*Work task*: For this exercise, retype the lines from the one that holds "Infografía: Incendio de" through the one that holds "寸又峡方面を目指し、静岡県道77号川根寸又峡線を進みます。" in the records below, both included, exactly and without pictures.

*Records for processing*:
- Opening Delimiter -

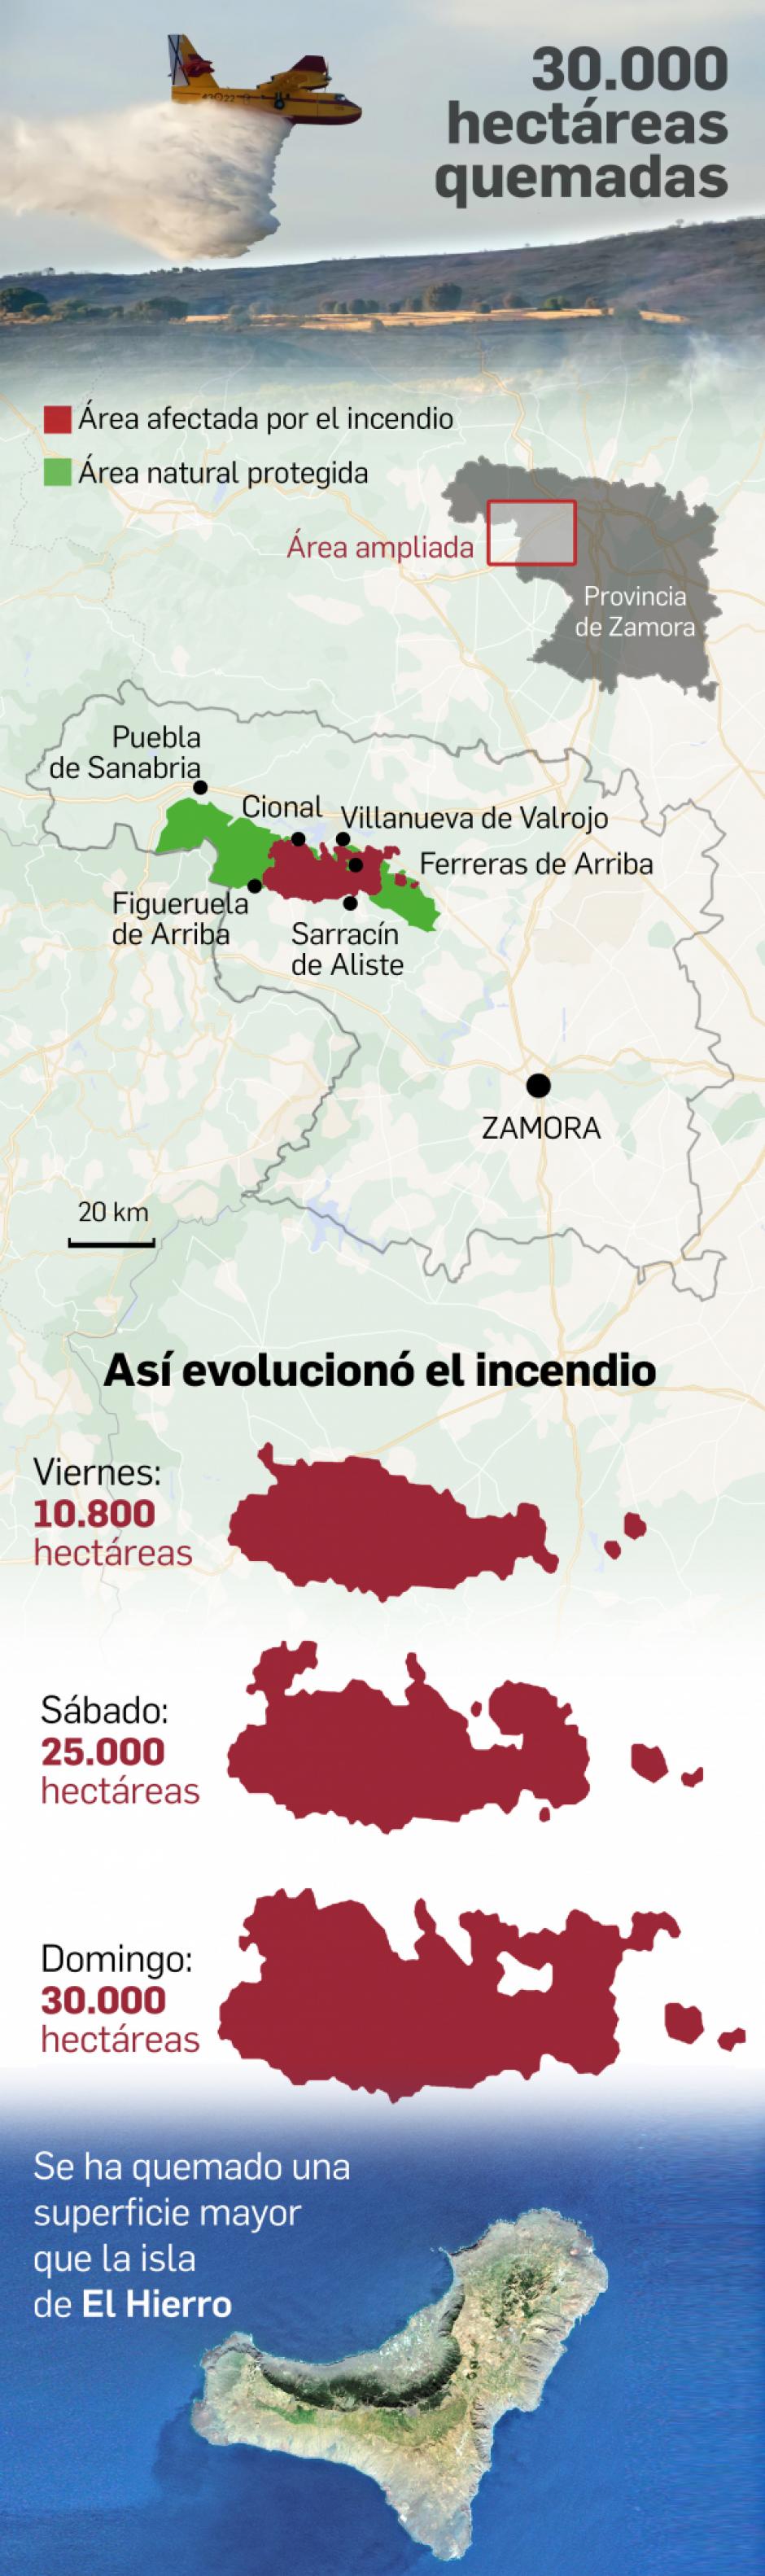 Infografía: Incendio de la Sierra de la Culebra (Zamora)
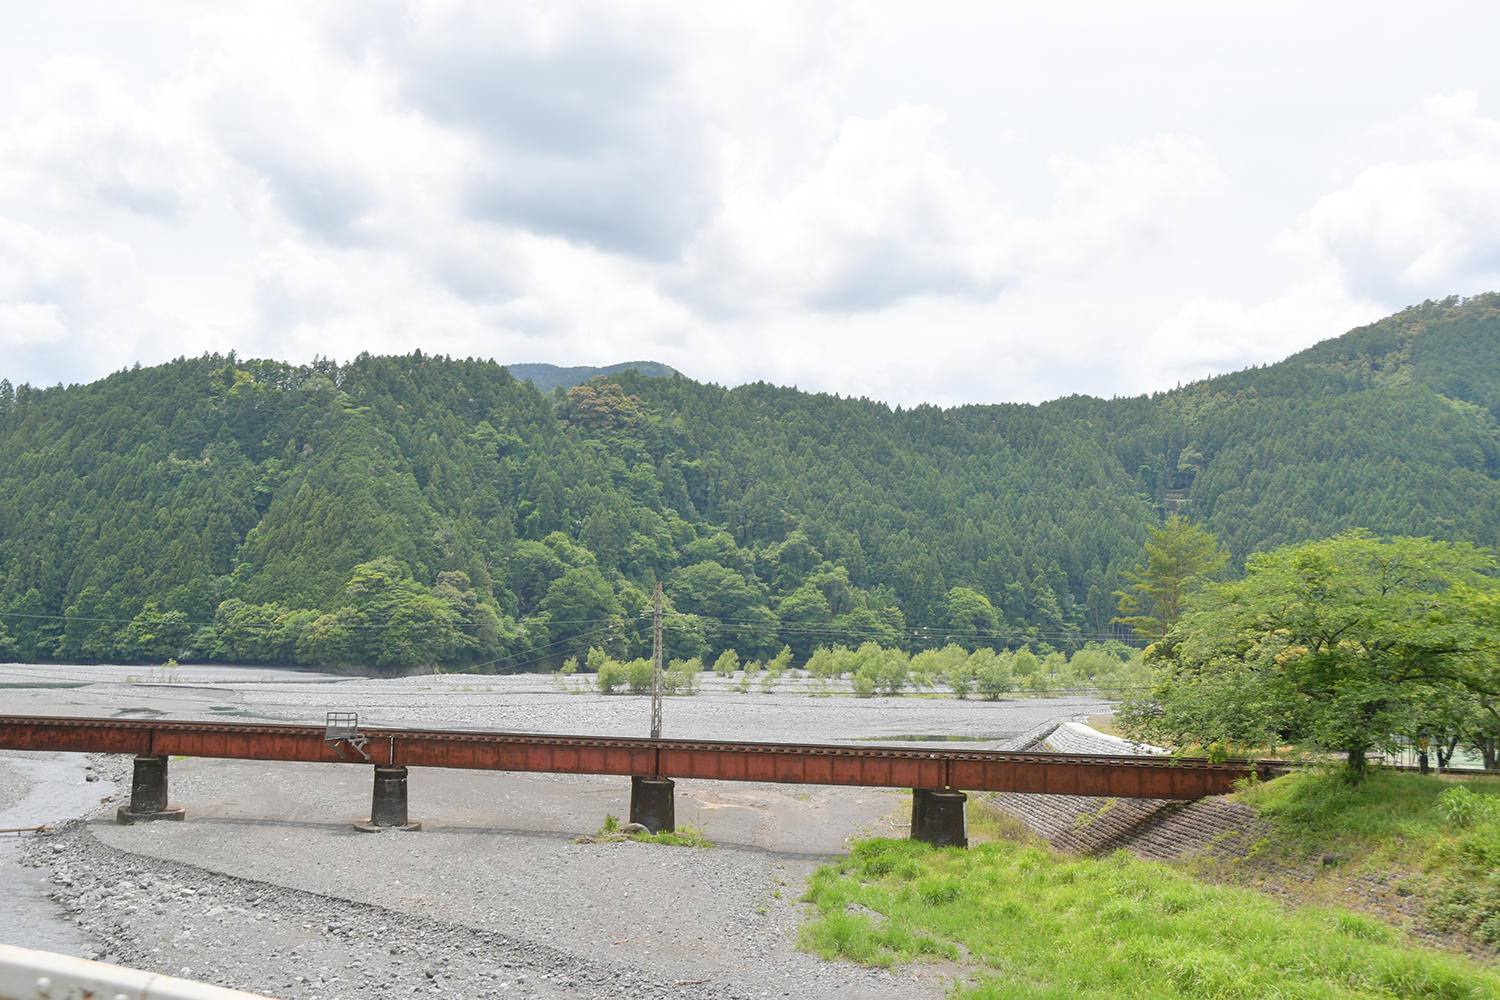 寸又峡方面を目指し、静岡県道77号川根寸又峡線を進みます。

- Closing Delimiter -
- Opening Delimiter -

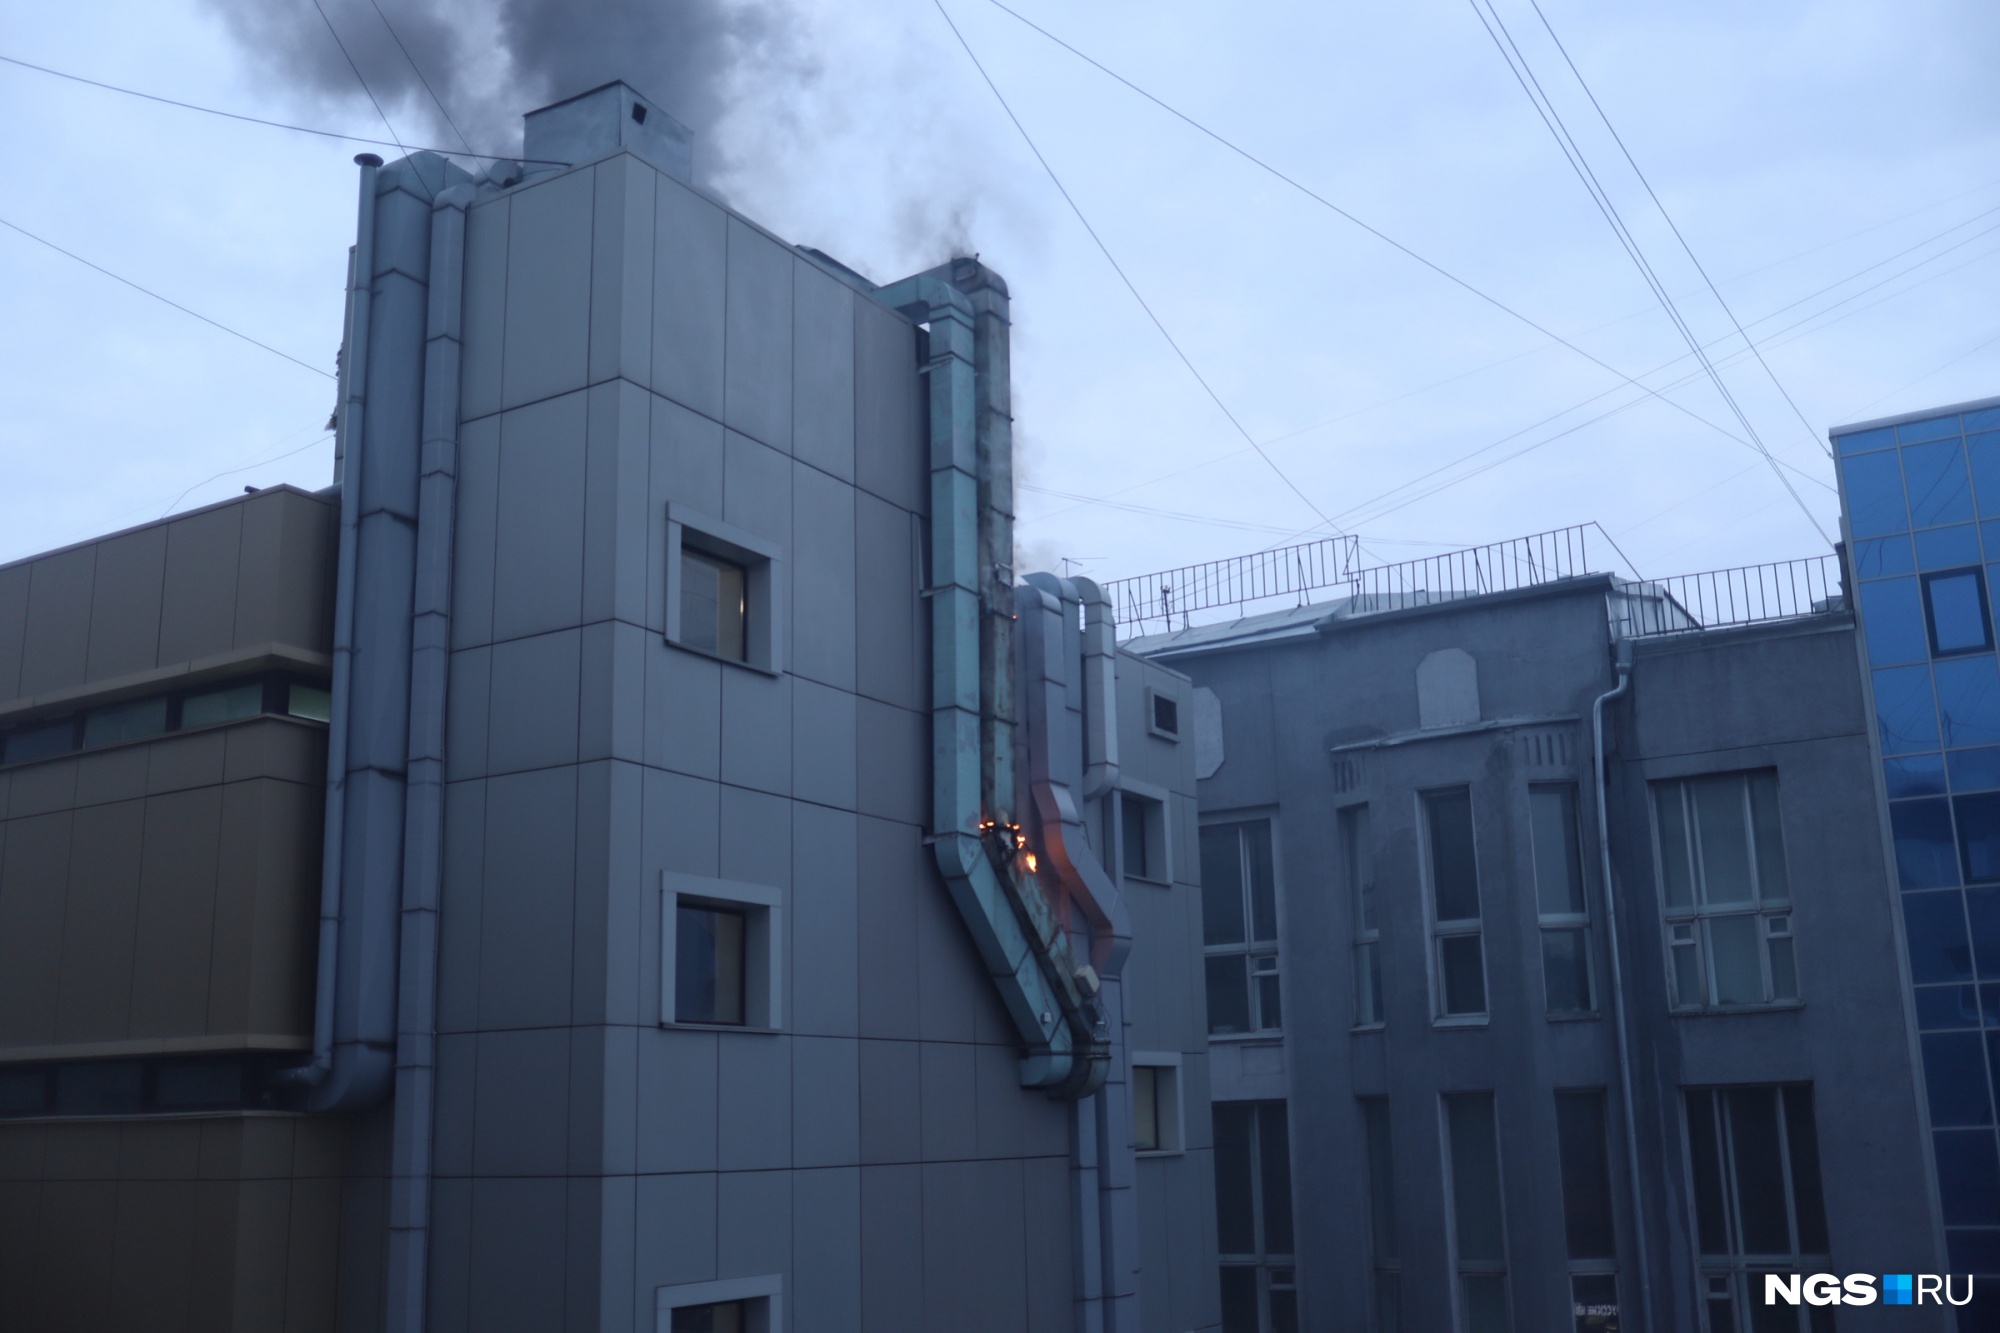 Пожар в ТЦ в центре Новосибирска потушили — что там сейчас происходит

- Closing Delimiter -

*Task answer*:
 Infografía: Incendio de la Sierra de la Culebra (Zamora)
 寸又峡方面を目指し、静岡県道77号川根寸又峡線を進みます。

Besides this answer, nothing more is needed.